As an example, we give a reimplementation of owned boxes by wrapping
`malloc` and `free`. Rust's move semantics and lifetimes mean this
reimplementation is as safe as the built-in `~` type.
```
2014-02-26 11:58:41 -06:00
extern crate libc;
use libc::{c_void, size_t, malloc, free};
use std::mem;
use std::ptr;
// Define a wrapper around the handle returned by the foreign code.
// Unique<T> has the same semantics as ~T
pub struct Unique<T> {
// It contains a single raw, mutable pointer to the object in question.
ptr: *mut T
}
// Implement methods for creating and using the values in the box.
// NB: For simplicity and correctness, we require that T has kind Send
// (owned boxes relax this restriction, and can contain managed (GC) boxes).
// This is because, as implemented, the garbage collector would not know
// about any shared boxes stored in the malloc'd region of memory.
impl<T: Send> Unique<T> {
pub fn new(value: T) -> Unique<T> {
unsafe {
let ptr = malloc(std::mem::size_of::<T>() as size_t) as *mut T;
// we *need* valid pointer.
assert!(!ptr.is_null());
// `*ptr` is uninitialized, and `*ptr = value` would attempt to destroy it
// move_val_init moves a value into this memory without
// attempting to drop the original value.
mem::move_val_init(&mut *ptr, value);
Unique{ptr: ptr}
}
}
// the 'r lifetime results in the same semantics as `&*x` with ~T
pub fn borrow<'r>(&'r self) -> &'r T {
// By construction, self.ptr is valid
unsafe { &*self.ptr }
}
// the 'r lifetime results in the same semantics as `&mut *x` with ~T
pub fn borrow_mut<'r>(&'r mut self) -> &'r mut T {
unsafe { &mut*self.ptr }
}
}
// A key ingredient for safety, we associate a destructor with
// Unique<T>, making the struct manage the raw pointer: when the
// struct goes out of scope, it will automatically free the raw pointer.
// NB: This is an unsafe destructor, because rustc will not normally
// allow destructors to be associated with parametrized types, due to
// bad interaction with managed boxes. (With the Send restriction,
// we don't have this problem.)
#[unsafe_destructor]
impl<T: Send> Drop for Unique<T> {
fn drop(&mut self) {
unsafe {
// Copy the object out from the pointer onto the stack,
// where it is covered by normal Rust destructor semantics
// and cleans itself up, if necessary
ptr::read(self.ptr as *T);
// clean-up our allocation
free(self.ptr as *mut c_void)
}
}
}
// A comparison between the built-in ~ and this reimplementation
fn main() {
{
let mut x = ~5;
*x = 10;
} // `x` is freed here
{
let mut y = Unique::new(5);
*y.borrow_mut() = 10;
} // `y` is freed here
}
```
Notably, the only way to construct a `Unique` is via the `new`
function, and this function ensures that the internal pointer is valid
and hidden in the private field.

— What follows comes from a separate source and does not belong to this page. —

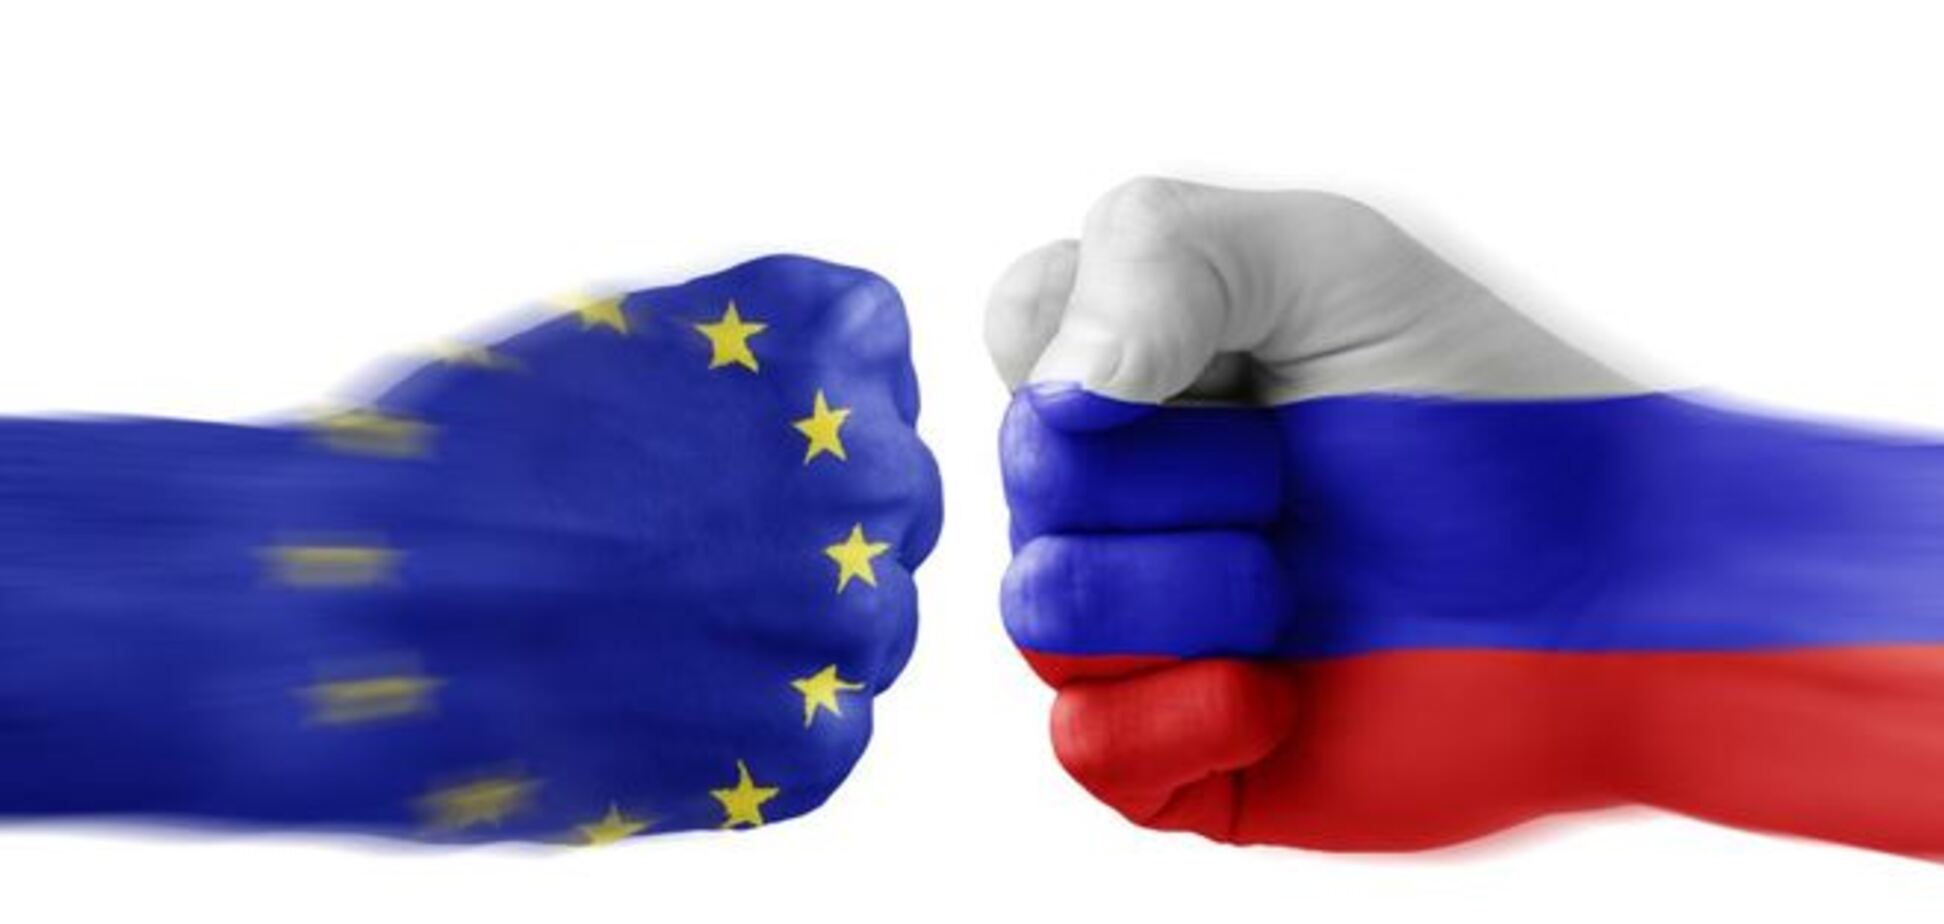 ЕС введет новые санкции против России в случае наступления боевиков - СМИ

The two `borrow` methods are safe
because the compiler statically guarantees that objects are never used
before creation or after destruction (unless you use some `unsafe`
code...).
# Inline assembly
For extremely low-level manipulations and performance reasons, one
might wish to control the CPU directly. Rust supports using inline
assembly to do this via the `asm!` macro. The syntax roughly matches
that of GCC & Clang:
```ignore
asm!(assembly template
: output operands
: input operands
: clobbers
: options
);
```
Any use of `asm` is feature gated (requires `#![feature(asm)]` on the
crate to allow) and of course requires an `unsafe` block.
> **Note**: the examples here are given in x86/x86-64 assembly, but all
> platforms are supported.
## Assembly template
The `assembly template` is the only required parameter and must be a
literal string (i.e `""`)
```
#![feature(asm)]
#[cfg(target_arch = "x86")]
#[cfg(target_arch = "x86_64")]
fn foo() {
unsafe {
asm!("NOP");
}
}
// other platforms
#[cfg(not(target_arch = "x86"),
not(target_arch = "x86_64"))]
fn foo() { /* ... */ }
fn main() {
// ...
foo();
// ...
}
```
(The `feature(asm)` and `#[cfg]`s are omitted from now on.)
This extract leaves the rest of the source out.